Fade raised an eyebrow. "You don't really expect Carl and I to let it go at that, do you? We're reporters. Do tell us the all the details, the gorier the better."

" I'm a reporter," Carl said. "What you write is entertainment." He sipped his beer. "Not that either of us is getting to do much writing at the moment."

"Why's that?" I asked.

"Demon's Roost has instituted a complete information blackout," Carl answered. Then he made a sour face. "Or rather, the great General Klamm has. None of the Demonkin are allowed to talk to the media, and we're forbidden from writing or broadcasting any information related to the war. Why else do you think my charming companion and I are sitting around this dump drinking?" He looked at Skully. "No offense."

"None taken," Skully said, but the tiny pinpricks of light that momentarily glowed within his empty sockets told a different story.

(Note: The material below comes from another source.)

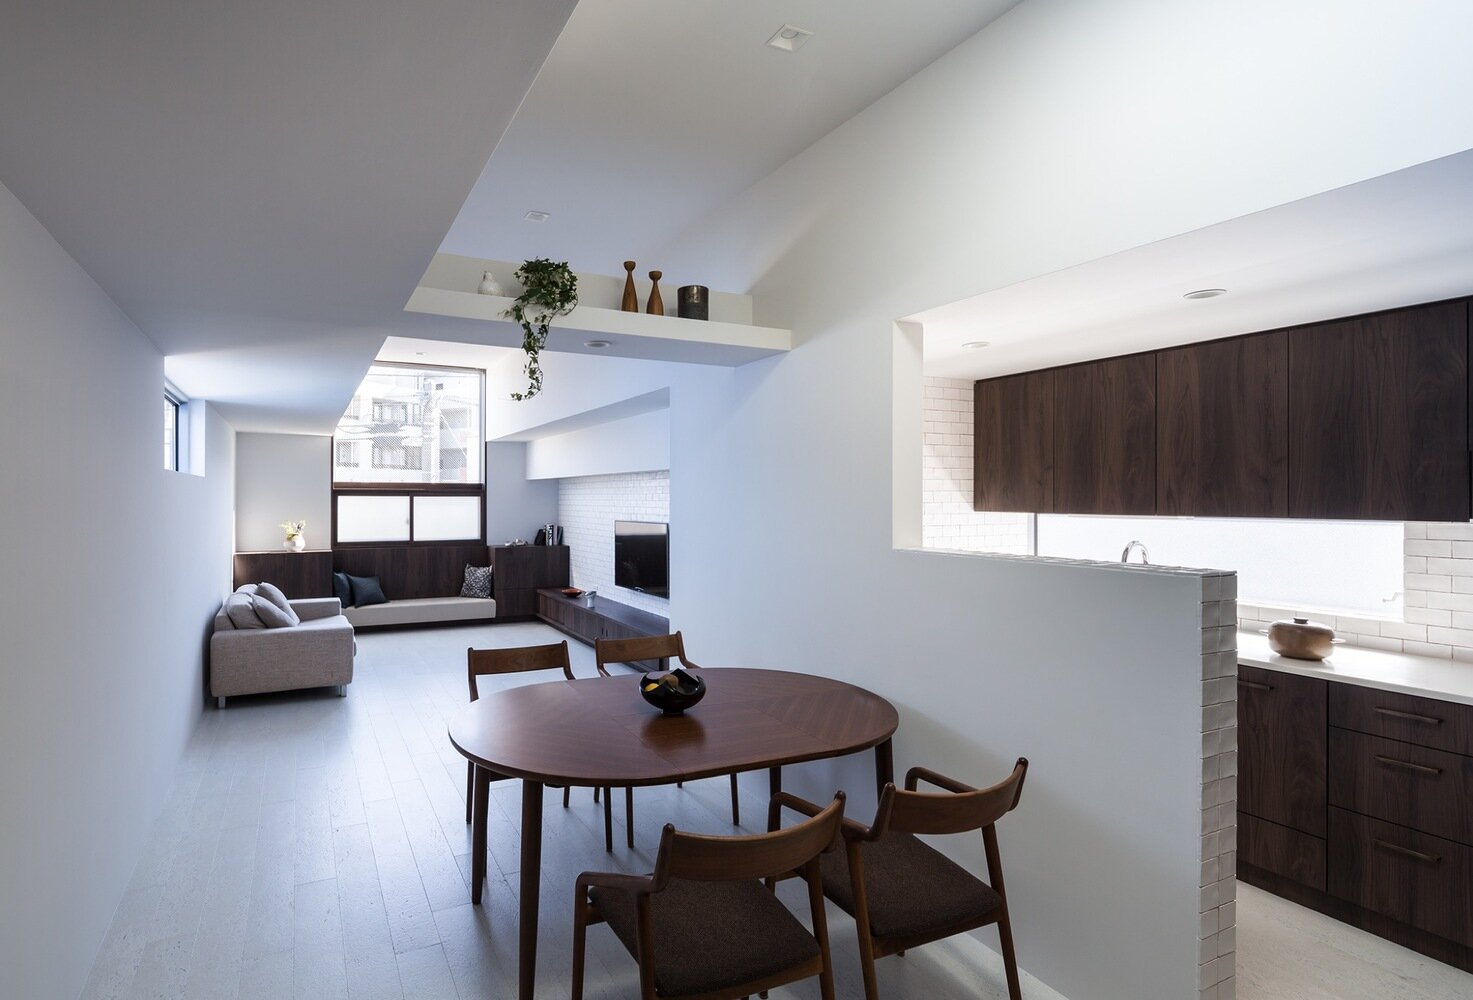 Adorable House - FORM Kouichi Kimura Architects - Japan - Living Room - Humble Homes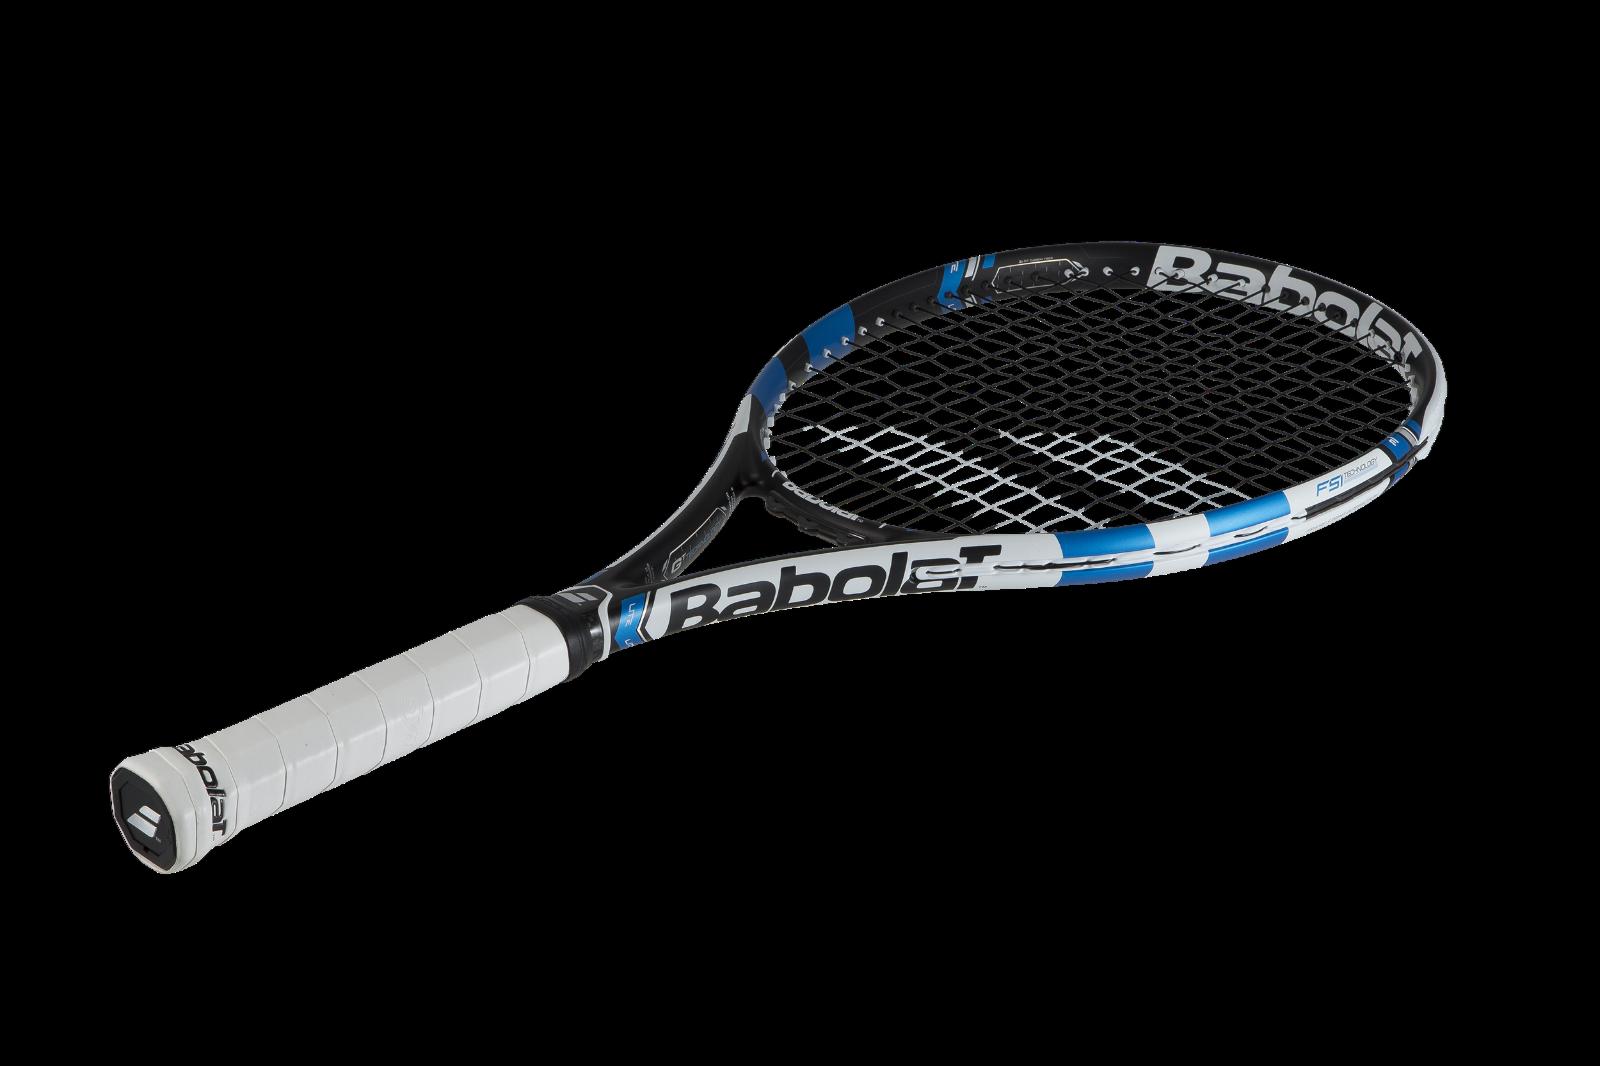 Babolat Babolat Babolat Pure Drive Super Lite 2015 Tennisschläger 7abcdf

If Carl noticed Skully's reaction, he ignored it.

"You know it's sad when reporters are reduced to interviewing each other," Fade added. "That's why we're so glad to see you, Matt. You're usually in the thick of things. Why don't you let me pump you for information? Who knows? You might even enjoy it."

I didn't take Fade's flirting seriously. It was just another way for her to draw attention to herself.

"I don't have time to chat," I said, with more of an edge in my voice than I wanted. "I have a problem, and I need help."

"Something's happened to Devona," Carl said. Before I could ask, he added, "I don't know anything. I'm merely making an educated guess based on your obviously agitated state."

"And there's the fact that Devona's not here," Fade put in.

"That too," Carl agreed.

"Look, I promise that I'll sit down with both of you for an exclusive joint interview once the current situation is resolved." Varney gave me an offended look. "Oh, don't bother pretending to be upset," I snapped. I didn't care about helping Varney maintain his cover just then. "But right now I need to get in touch with the Hidden Light, and I don't have time to go through the usual channels."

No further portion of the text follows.